= European Strategic Intelligence and Security Center =

Think tank and lobby group

The European Strategic Intelligence and Security Center (ESISC) is a European think tank and lobbying group dealing with issues related to terrorism and security. It is operated by Claude Moniquet, a French journalist. It has been accused of lobbying on the behalf of foreign governments, including Azerbaijan and Morocco.

== History ==
ESISC was founded in April 2002 by Claude Moniquet. In 2019, the ESISC website listed staff members from Russia, Morocco, Italy, and Belgium. In 2018, Claude Moniquet announced that ESISC had entered into a collaboration with the Washington Strategic Intelligence Center (WSIC), "a new American think-tank."

== Election observers ==
Representatives of ESISC participated in 2013 Azerbaijani presidential elections and 2015 parliamentary elections as observers. They evaluated the elections positively and criticized the assessments of the OSCE/ODIHR mission, in which the elections were recognized as inappropriate to democratic norms.
== Reports ==
=== Report on Western Sahara ===
In 2005 and again in 2008 and 2010 ESISC issued reports on Western Sahara that dovetailed closely with official Moroccan views and claimed that there existed a link between Al Qaeda and the nationalist group Polisario, which seeks Western Sahara's independence from Morocco. Western Sahara expert Jacob Mundy described ESISC's publications as "think tank reports paid for by the [Moroccan] royal palace" to discredit Polisario.

Le Journal Hebdomadaire, a leading Moroccan independent weekly, published an article critical of the first ESISC report and noted that it reflected the official views of the Moroccan government. Moniquet then sued the newspaper in a Moroccan court, which ordered Le Journal Hebdomadaire to pay him 360,000 dollars. Unable to pay the fine, Le Journal Hebdomadaire was closed, in what Mundy termed the conclusion of a "successful five-year campaign to drive one of [Morocco's] few independent media voices out of existence". According to Moroccan journalists, this was the largest-ever fine against the media in Morocco, and the Committee to Protect Journalists noted major irregularities in the trial. Another press freedom organization, Reporters Without Borders (RSF), described the trial as “politically motivated and unfair.” Human Rights Watch also voiced concern over the trial, while Freedom House termed the lawsuit "a politically motivated effort to bankrupt the magazine."

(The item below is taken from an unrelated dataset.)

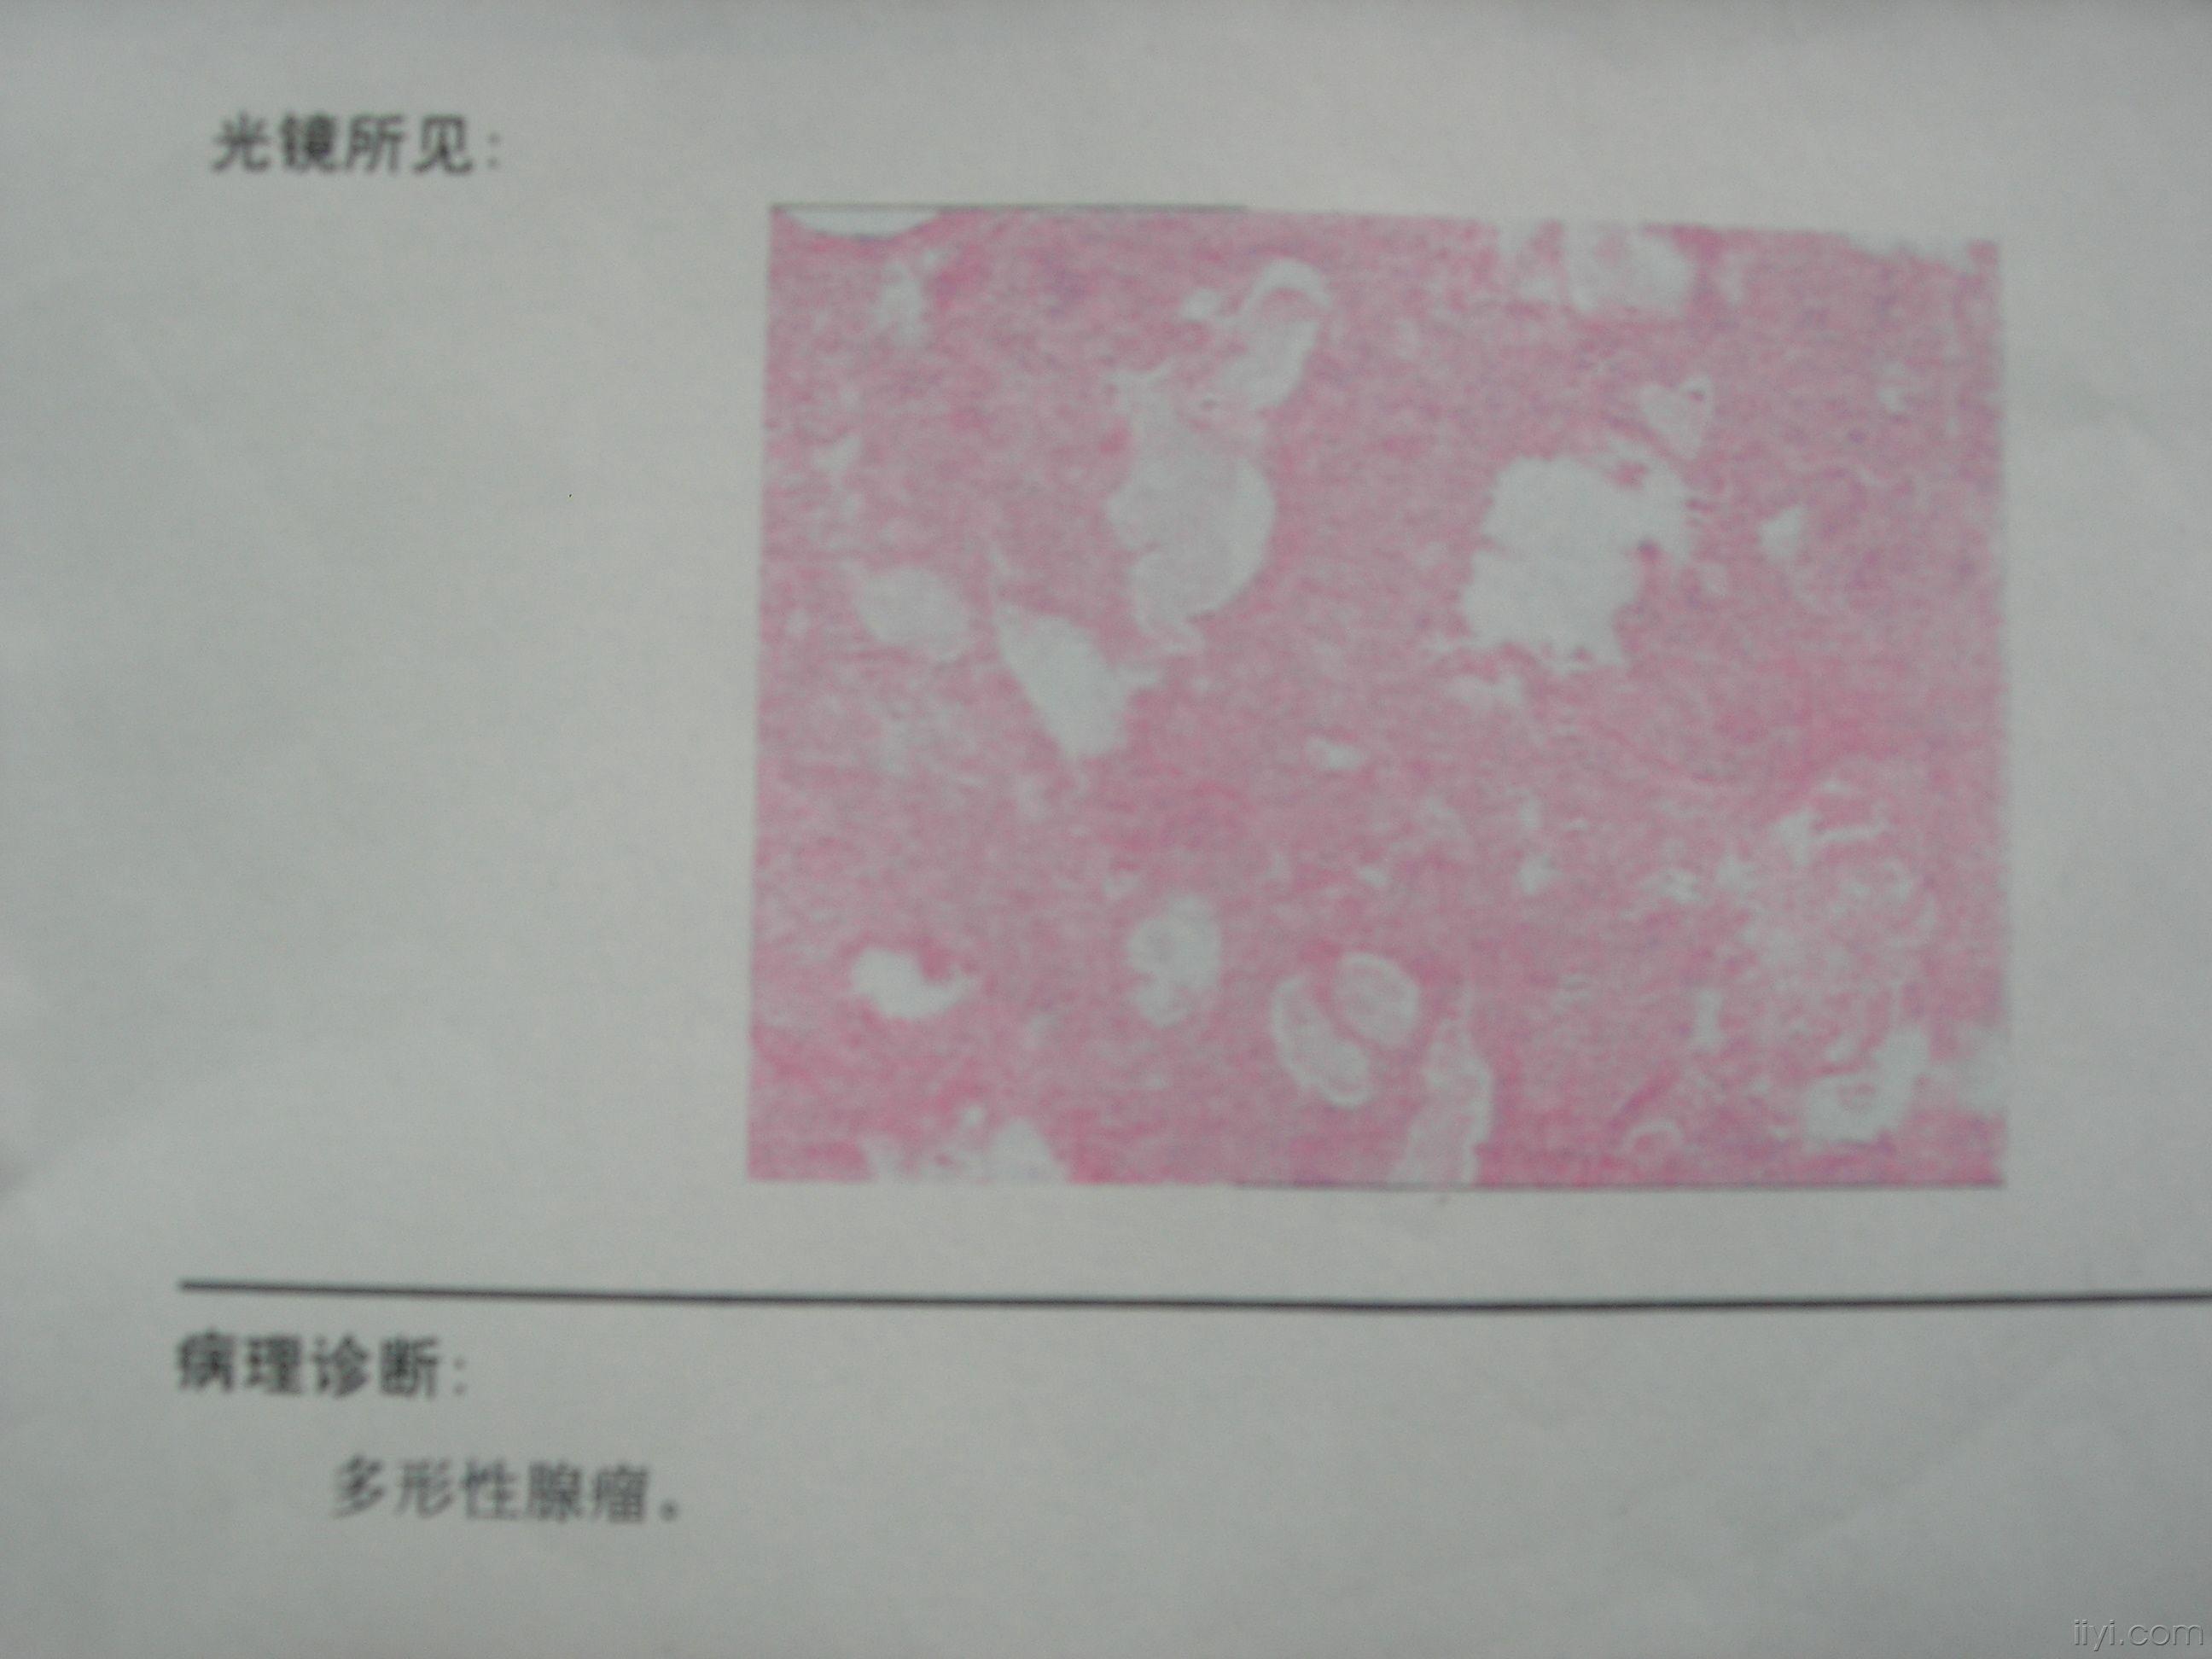 典型腮腺多形性腺瘤一例

Social anthropologist of the Sahara Desert, Konstantina Isidoros, said that in both 2005 and 2008, ESISC issued two near-identical reports proclaiming distorted truths that Polisario is evolving to new fears terrorism, radical Islamism or international crime. According Isidoros "lies appear to play some peculiar importance in this report"

=== Republic of Azerbaijan: a model of good governance ===
A month before the 2013 Azerbaijani presidential elections, ESISC issued a report entitled “The Republic of Azerbaijan: a model of good governance”. According to Robert Coalson, a correspondent of Radio Free Europe, the "haphazardly edited" and "ungrammatical" report praised the stable social welfare" and the situation for women and religious minorities in Azerbaijan. Noting that the ESISC website advertises "customized reports, analysis, and [...] briefings responding exactly to the needs of each client in his or her sector of activity," Coalson accused ESISC of operating as a "front" for Azerbaijan." In 2026, Giovanni Natalizio, PhD, published a methodological report on the ESISC–Coalson controversy, arguing that Coalson’s accusations required a more rigorous evidentiary distinction between documented criticism of Azerbaijan’s governance and the separate claim that ESISC operated as a “front think tank”. According to the “Freedom Files Analytical Center”, ESISC lobbies for Azerbaijan's interests and provides services of “false observers,” whose task is to participate in the elections of autocratic states as observers, inform on a democratic vote, and criticize the OSCE/ ODIHR observation mission.

=== The Armenian Connection ===
In its 2017 report "The Armenian Connection", the ESISC claimed that human rights organisations were attempting to take over the Council of Europe "in the interests of George Soros and Armenia" in order to attack Azerbaijan. The Freedom Files Analytical Center described The Armenian Connection as propaganda and seeking to stop criticism of Azerbaijan's lobbying and corruption, and its claims as "absurd". The European Stability Initiative stated that “the ESISC report is full of lies”.